Basic C/C++ query example

查找冗余的if语句

if (error) { }

查询语句

import cpp

from IfStmt ifstmt, Block block
where ifstmt.getThen() = block
  and block.getNumStmt() = 0
select ifstmt, "This 'if' statement is redundant."

import cpp 导入C/C++标准查询库

from IfStmt ifstmt, Block block 定义变量,语法是 <type> <variable name>. 这里定义了 IfStmt 类型ifstmtBlock 类型block

where ifstmt.getThen() = block and block.getNumStmt() = 0 条件. ifstmt.getThen() = block block必须是if语句的分支并且这个block中statements数量为0

select ifstmt, "This 'if' statement is redundant." 定义每个匹配报告的内容, 格式 select <program element>, "<alert message>"

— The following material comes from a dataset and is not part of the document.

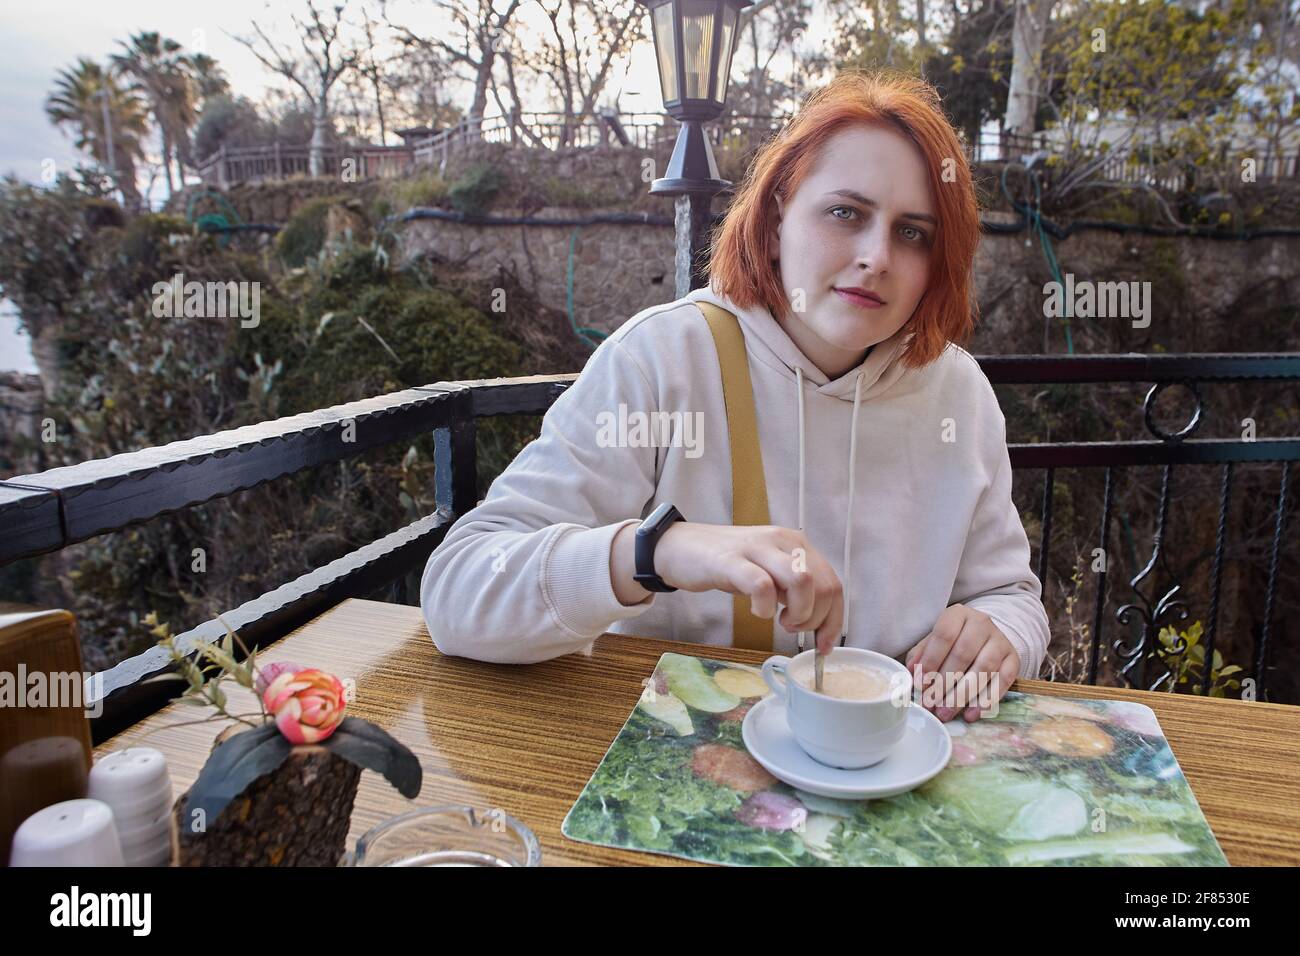 Terrasse de restaurant en bord de mer à Antalya, Turquie, jeune femme européenne aux cheveux rouges se détendant à table avec une tasse de café. Banque D'Images

the CodeQL libraries for C/C++

关于C/C++标准查询库

https://help.semmle.com/QL/learn-ql/cpp/introduce-libraries-cpp.html

Tutorial: Function classes

寻找静态函数

import cpp

from Function f
where f.isStatic()
select f, "This is a static function."

寻找未被调用的函数

from Function f
where not exists(FunctionCall fc | fc.getTarget() = f)
select f, "This function is never called."

排除使用函数指针引用的函数

import cpp

from Function f
where not exists(FunctionCall fc | fc.getTarget() = f)
  and not exists(FunctionAccess fa | fa.getTarget() = f)
select f, "This function is never called, or referenced with a function pointer."

寻找特定函数

import cpp

from FunctionCall fc
where fc.getTarget().getQualifiedName() = "sprintf"
  and not fc.getArgument(1) instanceof StringLiteral
select fc, "sprintf called with variable format string."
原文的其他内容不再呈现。